Looked over the link with devops and most of it doesn't make sense in our context because it's primarily about configuration problems and this happens after instances run for extended periods. It look like there may be a more specific cause available if we can check the EC2 console and see the instance's details but they're in an autoscaling group so get automatically terminated and details become inaccessible on the console quickly.
Questions I have are:
-
Are the status checks failures unique to my accounts?
-
Do you know the specific reason for the status checks failure (e.g., a networking problem)?
-
Is there anything we could be doing with the FPGA that can cause a status checks failure (e.g., hanging the PCI bus)?
Happy for you to close the support ticket if it helps your KPIs.
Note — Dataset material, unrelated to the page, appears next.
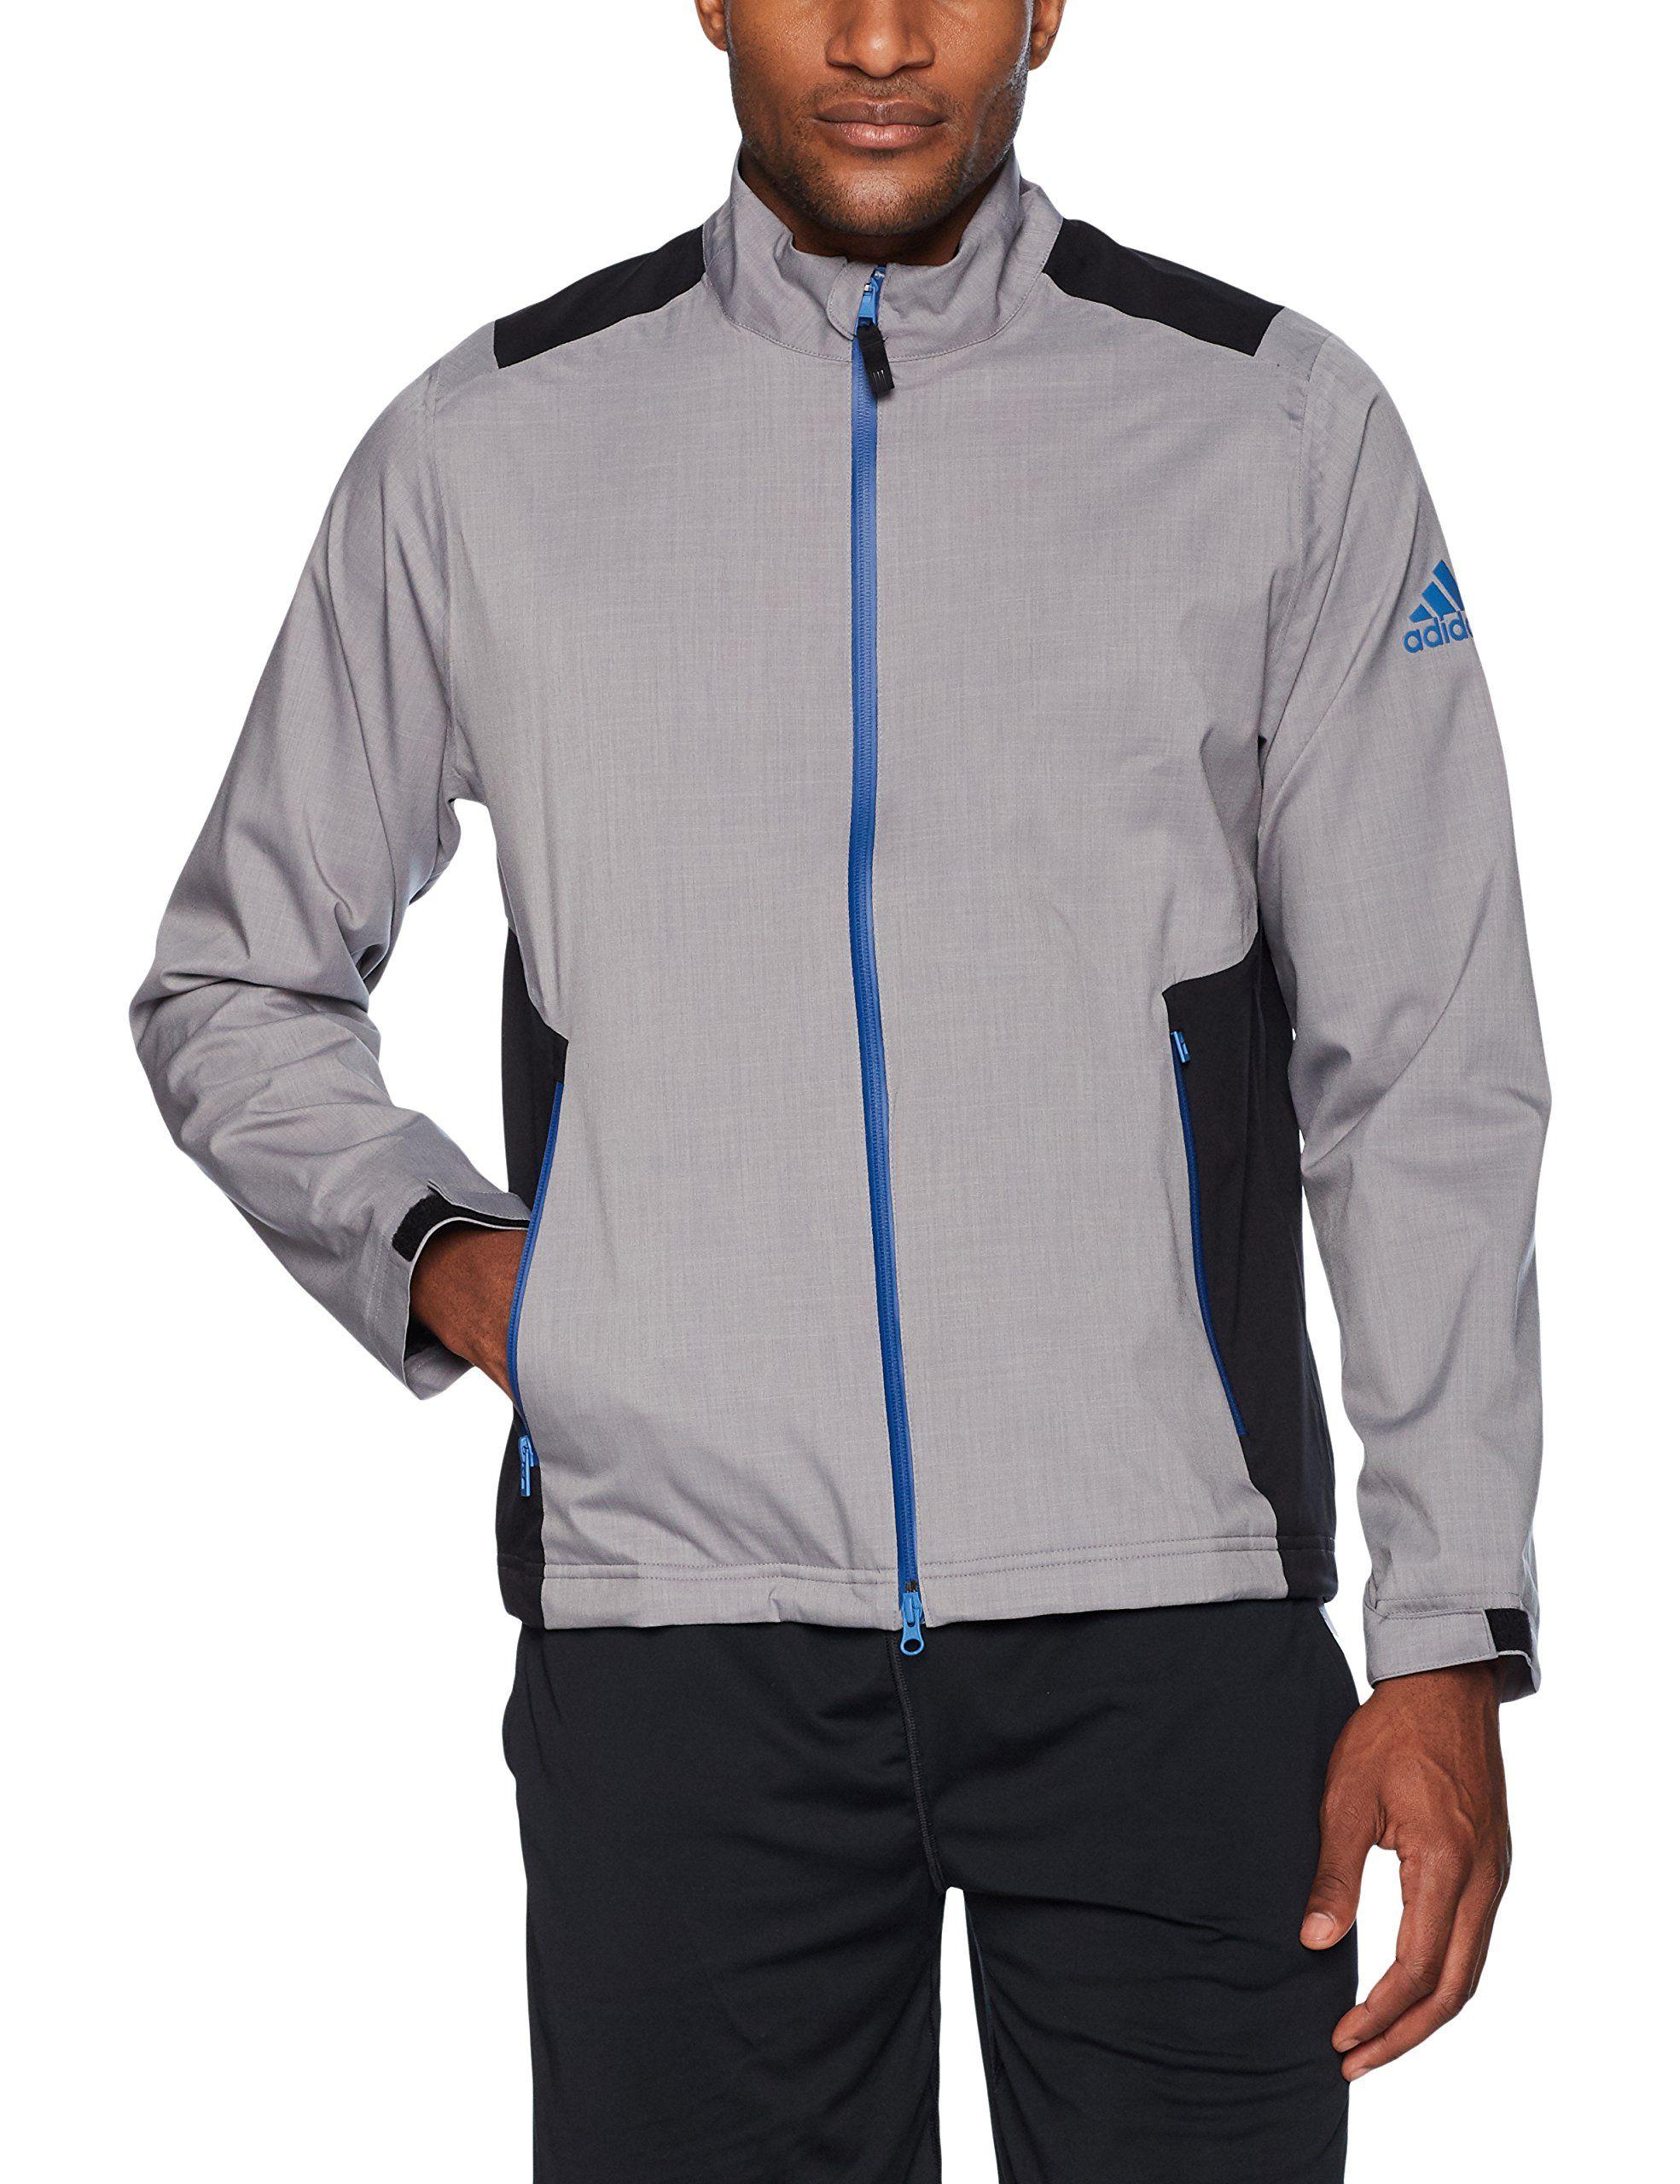 Men Golf Clothing Adidas Golf Mens Climaproof Heather Rain Jacket Grey Three F Grey Two F Black Night Grey Mens Golf Outfit Black Shorts Men Mens Rain Jacket [ 2560 x 1969 Pixel ]
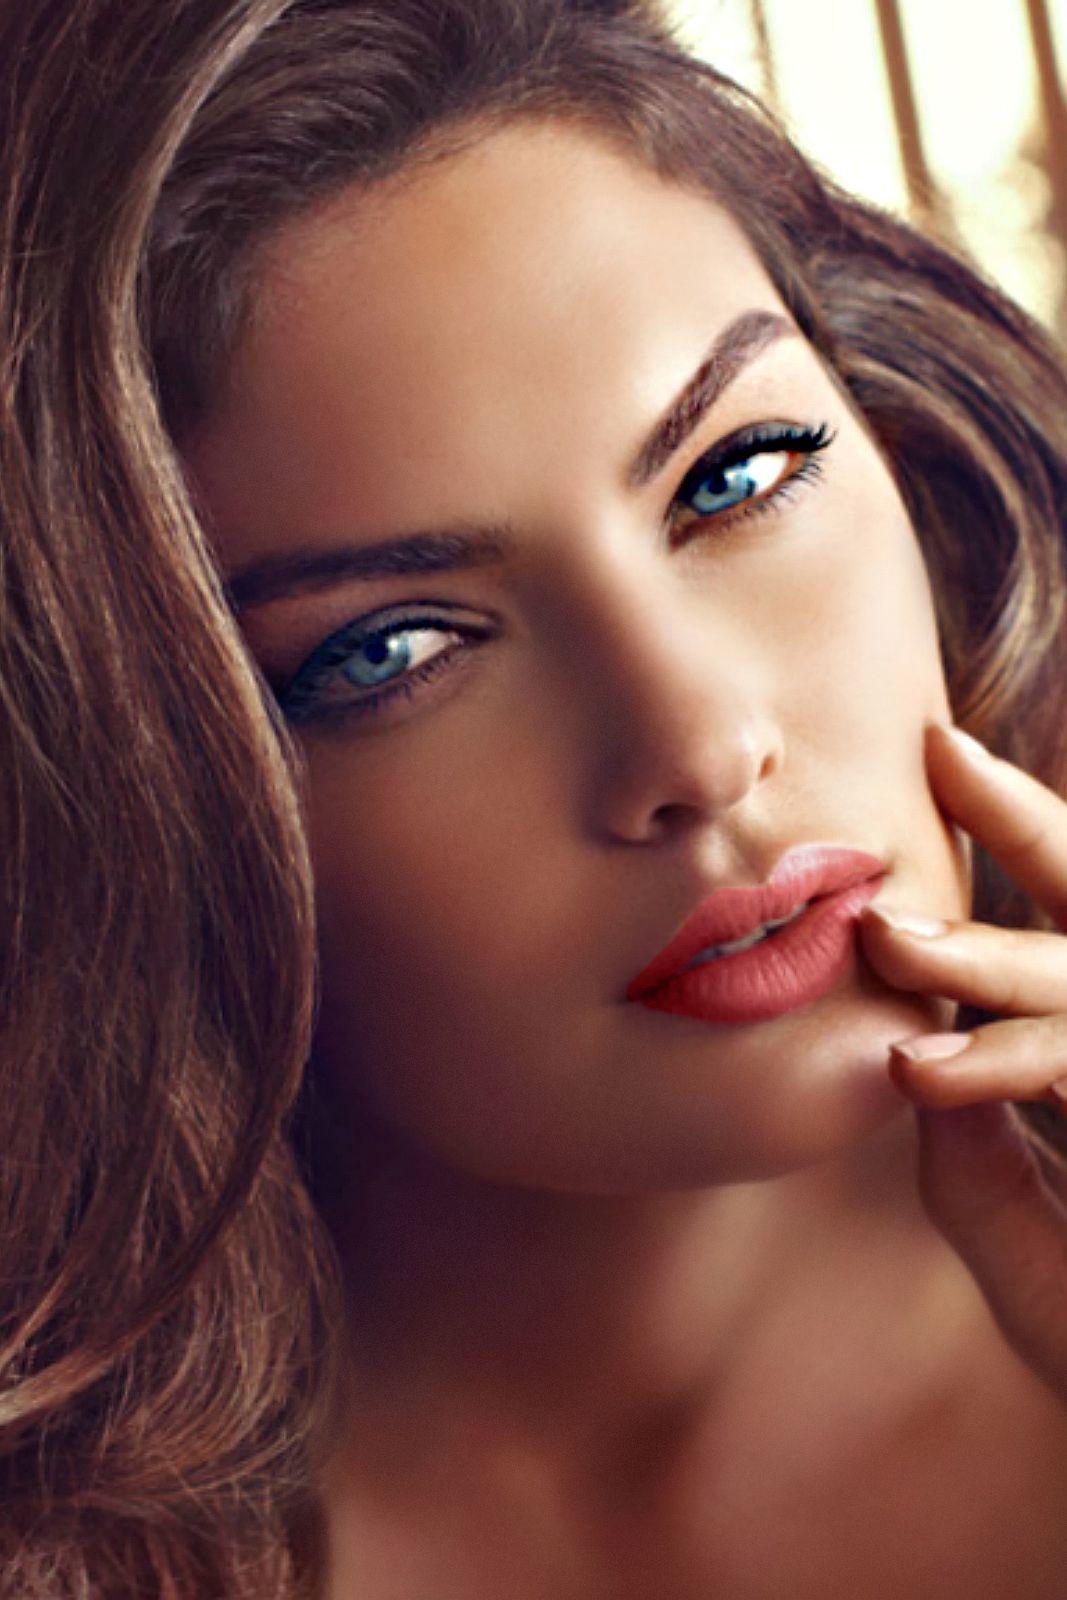 most beautiful women in the world - HD1067×1600

I don't need this solved urgently but it is problematic from the perspective of our customers so I don't want it ignored either.
from aws-fpga.
One thing that may be contributing to the instance instability are PCIe/AXI errors on the bus. Can you provide the shell timeout data immediately prior to the instance failures? You can find more information on collecting this data with the SDK here: https://github.com/aws/aws-fpga/blob/863d963308231d0789a48f8840ceb1141368b34a/hdk/docs/HOWTO_detect_shell_timeout.md
Gathering the data above will help us narrow down the issue as "hanging the PCI bus" is the most likely root cause of the issue. Don't worry about closing the support tickets, it helps us collect data and gain visibility on the issues!
from aws-fpga.
Added below to the cleanup hook, which might provide some insight. I know OCL reads are working fine immediately prior to the status checks failure.
// print fpga metrics from aws-fpga cli tool, checks for shell timeouts
std::system("sudo fpga-describe-local-image --headers --metrics --fpga-image-slot 0 &> fpga-metrics.log");
std::cout << std::ifstream("fpga-metrics.log").rdbuf();
from aws-fpga.
Could you share what shell interfaces your workload is exercising at the time of failures?
from aws-fpga.
We didn't change anything except for rebuilding the image to add above code and haven't experienced the problem in the last two weeks so might be gone.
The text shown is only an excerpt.